Smallpdf is a Swiss online web-based PDF software, founded in 2013. It offers free version with limited features to compress, convert and edit PDF documents, and its paid version offers advanced features like OCR, compress, and more.

== History ==

Smallpdf was founded in 2013 by Mathis Büchi, Lino Teuteberg, and Manuel Stofer while they were living abroad in Korea. The idea came from the need for their families to compress and send large documents via email.

The initial version of the site featured a standalone PDF compression tool. Since then, the online platform has introduced over 16 PDF tools to convert, compress and edit PDF documents. As of 2019, approximately 25 million unique users use Smallpdf every month.

In November 2018, it was announced that Smallpdf would integrate with Dropbox as part of the 'Dropbox Extensions', to provide Dropbox users with PDF editing capabilities.

Smallpdf expanded through acquisition in March 2022, buying Zürich-based document-processing software company PDF Tools for US$30 million. PDF Tools had previously been a technology partner of Smallpdf.

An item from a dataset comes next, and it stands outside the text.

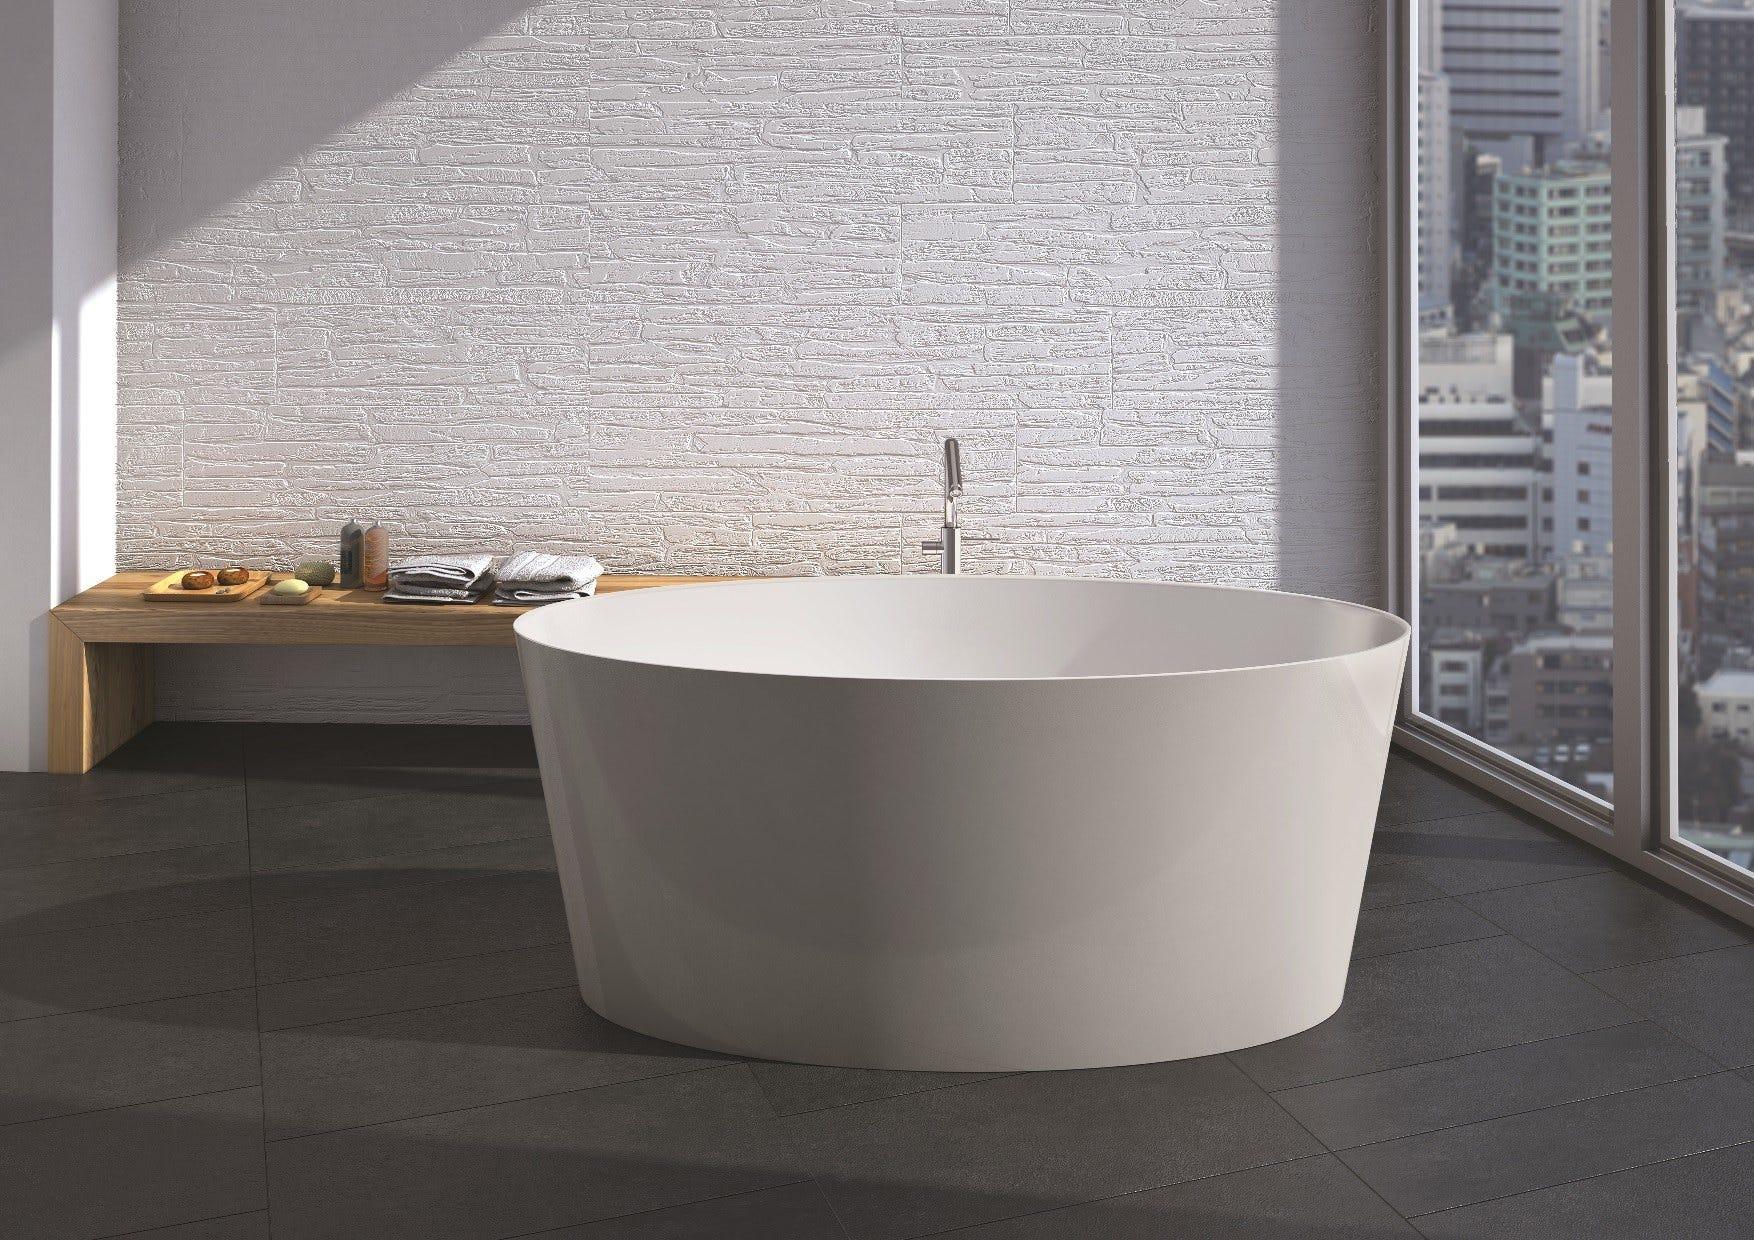 Vasca Da Bagno In Stile Inglese : Le novità di olympia per il cersaie nuova vasca da bagno
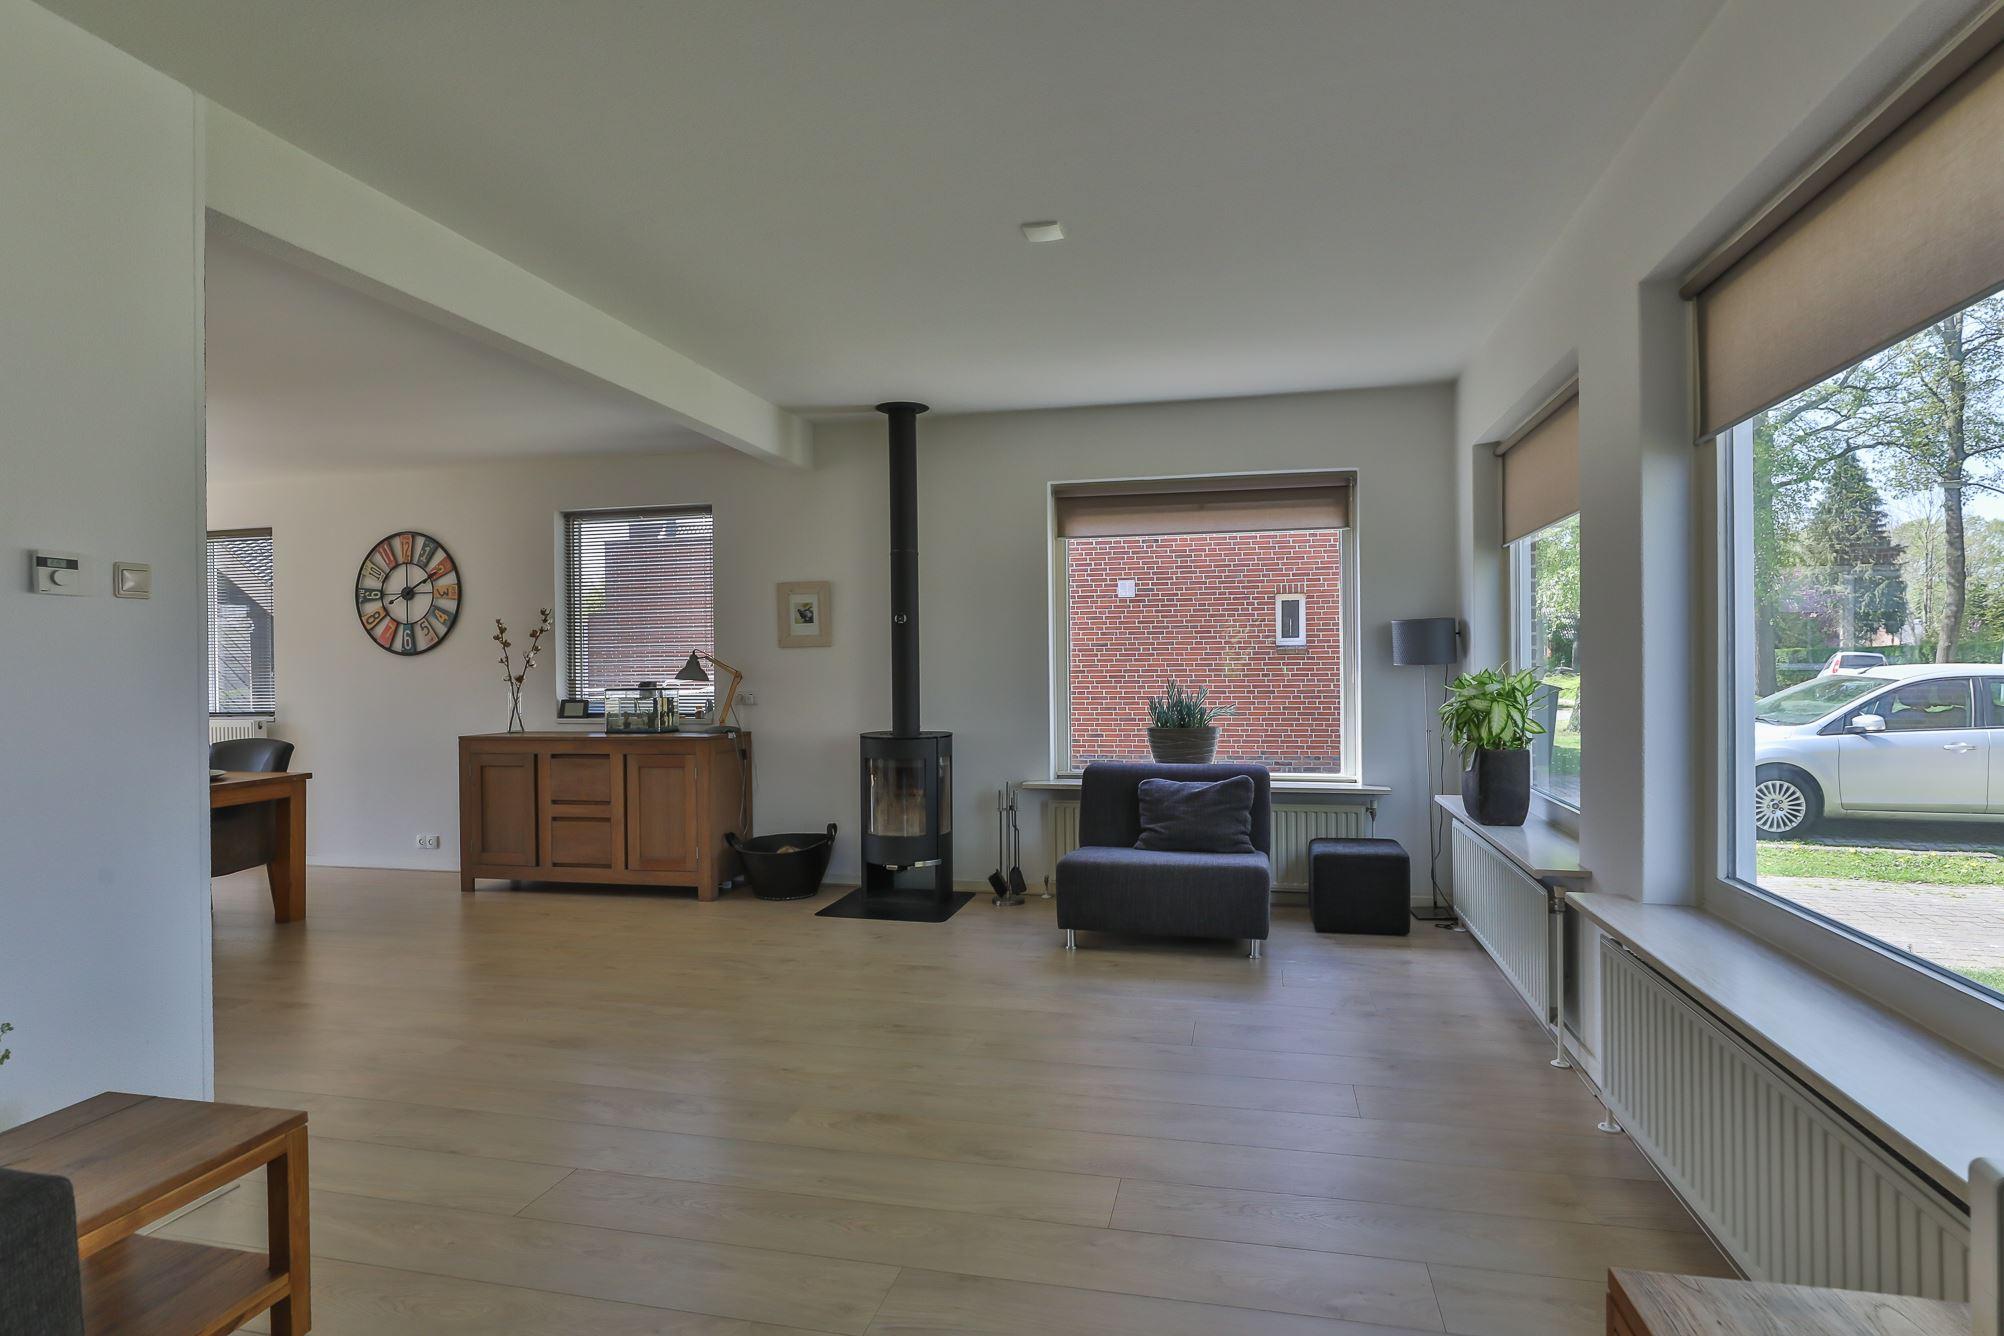 Huis te koop: Dorpshuisweg 2 9617 BN Harkstede (Gem ...

In July 2026, Smallpdf sold PDF Tools to document-software company Apryse. Following the divestment, Smallpdf said it would concentrate on its own PDF software platform for individual and business users.

===Technical partners===

For some PDF to Office conversions, Smallpdf uses conversion technology developed by Solid Documents. Solid Documents is a New Zealand-based company offering desktop PDF solutions.